● Recorded data:
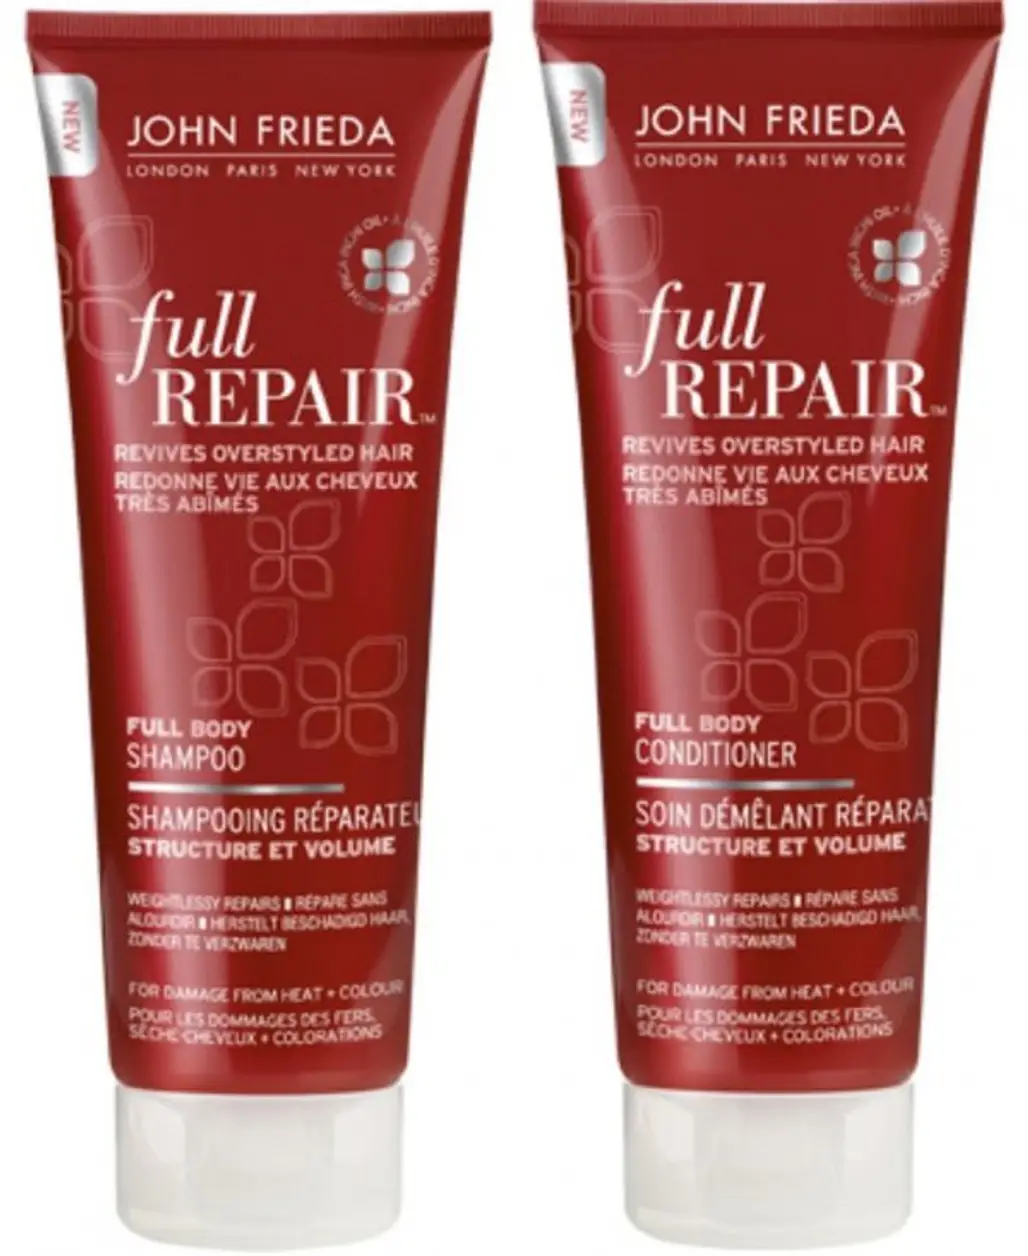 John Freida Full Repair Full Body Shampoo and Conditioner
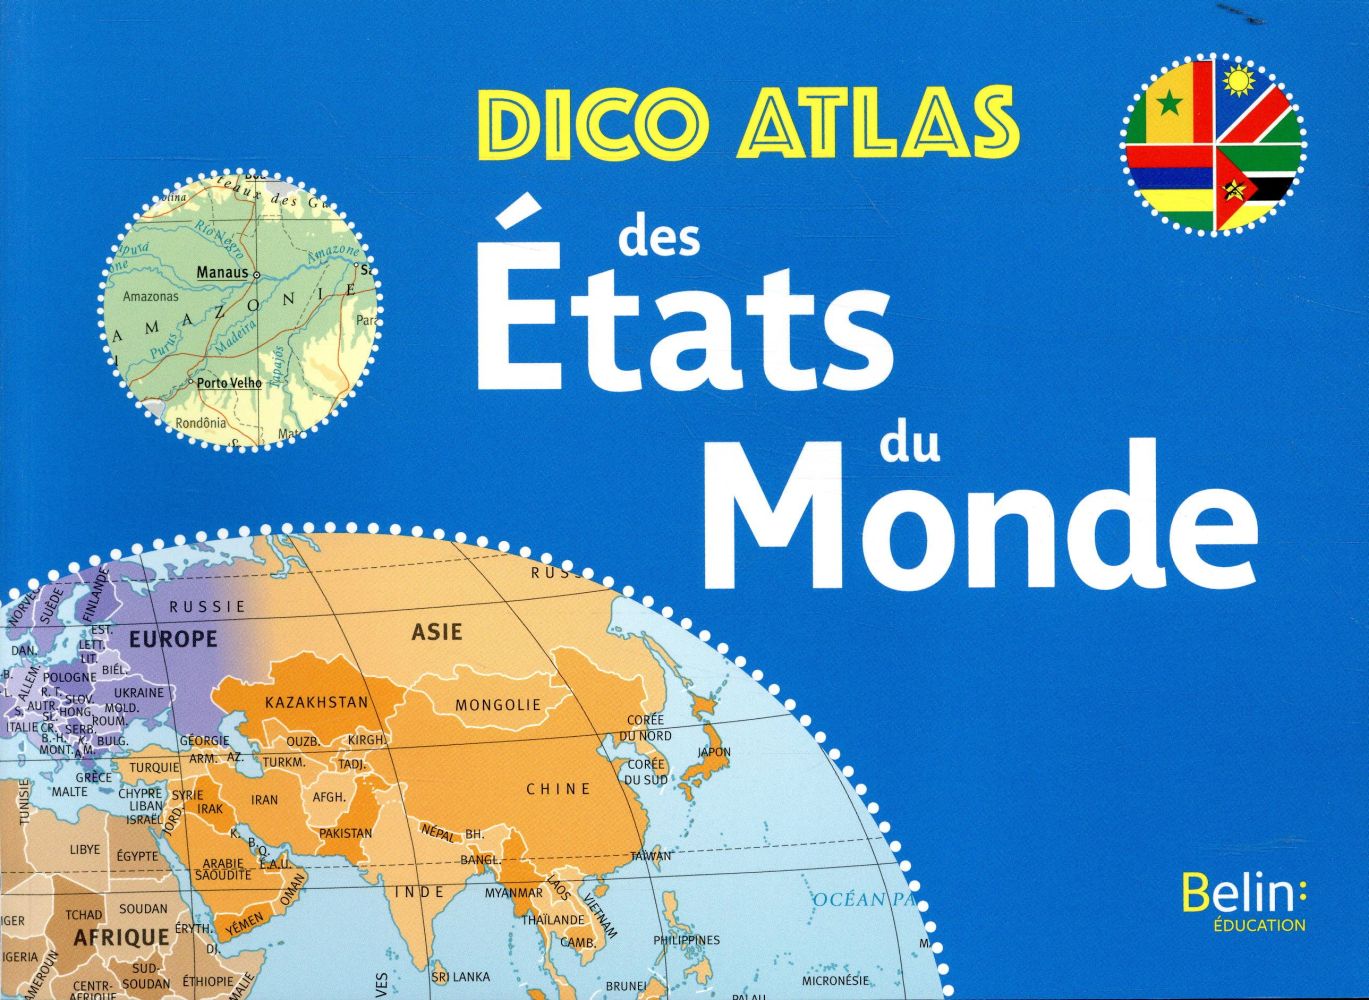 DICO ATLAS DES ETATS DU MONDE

* * *

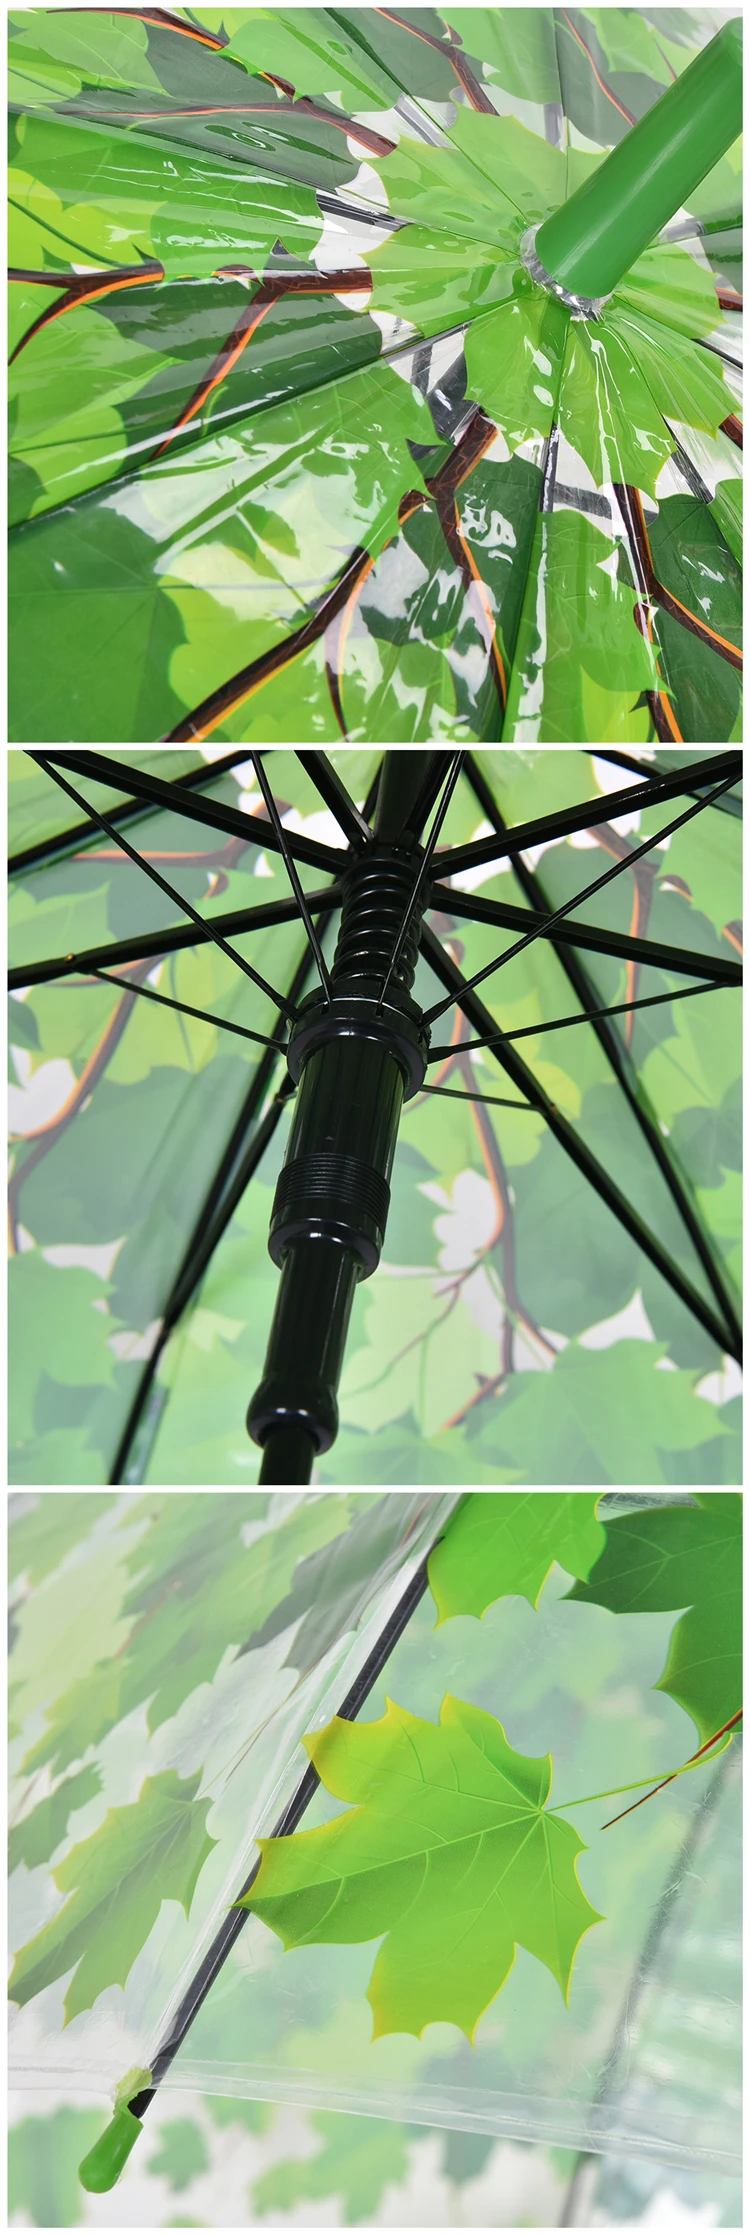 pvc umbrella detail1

● Required work: Starting at the line containing "John Freida Full" and finishing at the line containing "DICO ATLAS DES ETATS DU MONDE", return those lines exactly as they appear above, without the pictures.

● Answer to this exercise:
 John Freida Full Repair Full Body Shampoo and Conditioner
 DICO ATLAS DES ETATS DU MONDE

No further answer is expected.